Hewlett-Packard is likely to get some tough questions from Wall Street. Its credibility is already shaky, and becoming the world's biggest maker of PCs at a time when the personal-computer market is suffering would probably prompt some analysts to scratch their heads. Integrating two giant companies would be a distraction for management and could leave rank-and-file employees wondering about surviving the inevitable cost cutting.
And with their businesses under attack from Dell, IBM and others, this may not be an ideal time to be focused internally. Indeed, some observers suggest that after Compaq acquired Digital Equipment three years ago its businesses suffered from a distracted management: market shares in PCs and workstations initially rose, then fell sharply. The Digital Equipment deal and others point to the computer industry's spotty track record of mergers and acquisitions and may create a show-me sentiment on Wall Street.
Weak PC Demand
The proposed deal comes at a time of weak demand for personal computers. Market researchers expect the U.S. PC shipments to shrink 10% this year and world-wide shipments to fall for the first time in 15 years.
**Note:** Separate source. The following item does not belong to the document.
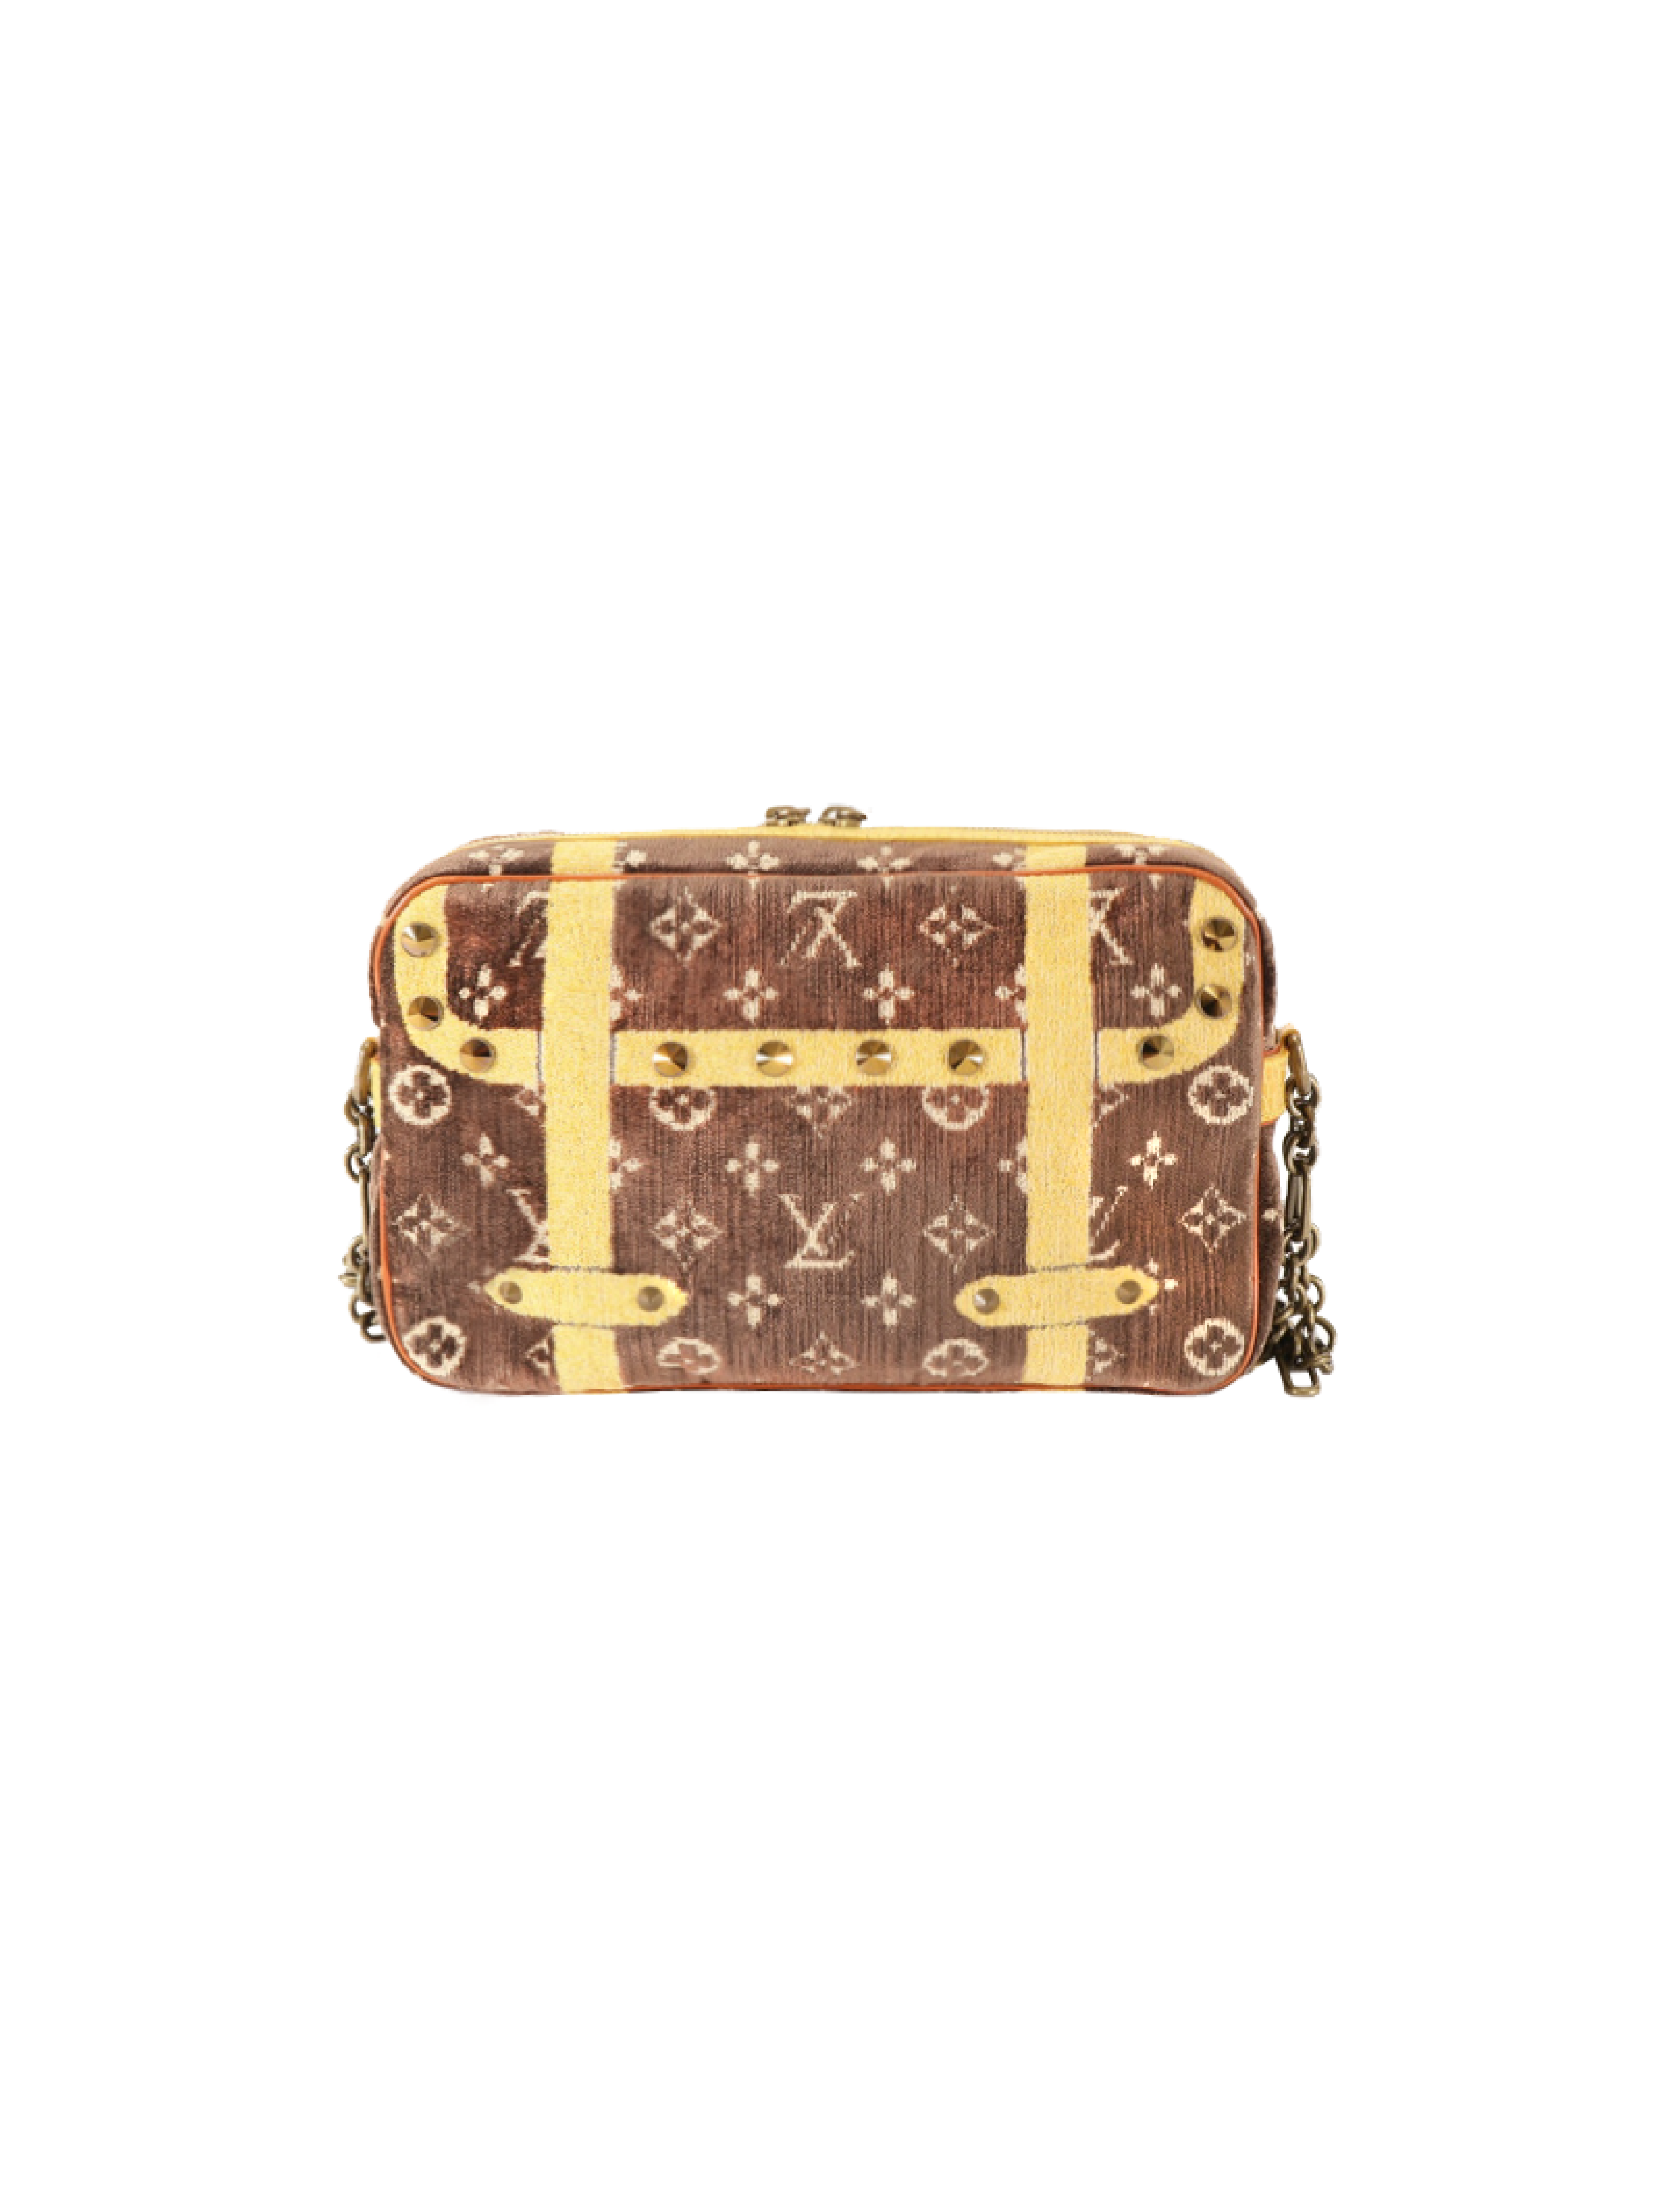 Louis Vuitton 2005 Trompe L'oeil Rare Handbag
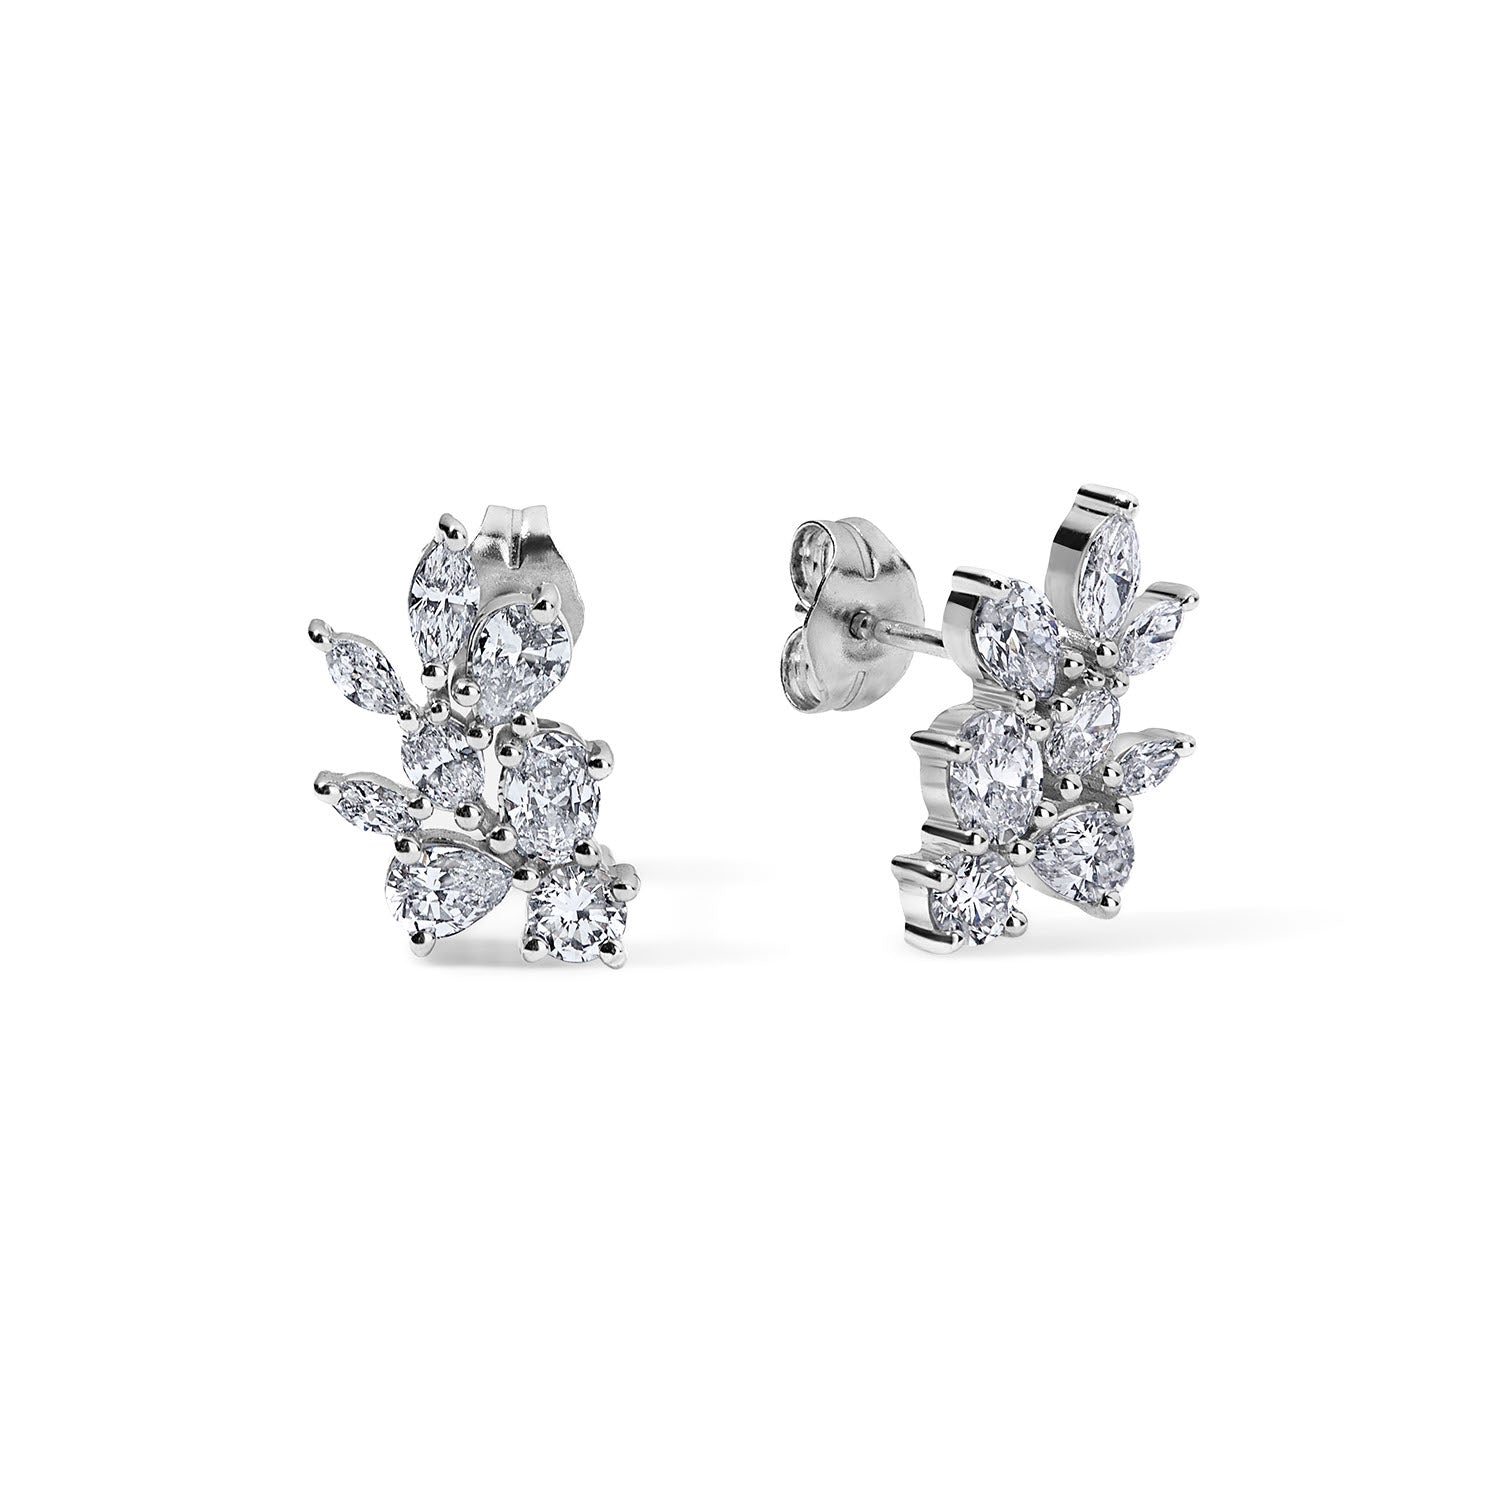 Mixed Shape Diamond Cluster Earrings

That contraction has forced Compaq and H-P to slash employment and costs in an effort to match Dell's cost efficiencies.
Yet the deal would leave the PC as critically important to the combination. Compaq gets nearly half its revenue from PCs, and H-P counts on PCs and PC servers for 25% of its sales. And PCs aren't a money-maker for either company. Last quarter, H-P lost an estimated $150 million on its PC business while Compaq lost $155 million. The companies had combined PC and PC-server sales of $32 billion last year.
Unlike Dell, both remain dependent on dealers and retailers for a sizable chunk of their PC sales. What's more, corporate and home PC buyers have been shunning major new purchases for nearly a year. Businesses are stretching out purchases, holding onto PCs for four years instead of the three-year replacement that had been the norm. At home, purchases of PCs have given way to digital cameras and other add-ons as buyer found that few programs demand the latest chips.
The move is a bold and risky bet for Ms. Fiorina, the former Lucent Technologies Inc. executive who was brought in to succeed veteran H-P executive Lew Platt in July 1999. The first outsider to run the venerable company, Ms. Fiorina is trying to transform it into a more wide-ranging purveyor of computers, software and services for its core corporate customers.
Ms. Fiorina was a star saleswoman at Lucent when she was tapped to run H-P. The company was splitting itself in two to spin off the test and measurement business, now called Agilent Technologies Inc., and Ms. Fiorina was seen as the fresh manager who was needed to help push H-P forward.
The deal shows how limited the options were for the two executives. Mr. Capellas, the Compaq CEO, has struggled to stem PC losses while searching for a strategy that encompasses the varied operations of the company, which had 2000 revenue of $42.4 billion. Since taking over in August 1999, he has restructured the company three times.
At H-P, Ms. Fiorina has struggled with delays in getting some products out, which has let rivals gain ground. The company has missed forecasts for several quarters in a row and has said it doesn't yet see an end to the slack demand for computers and consumer products.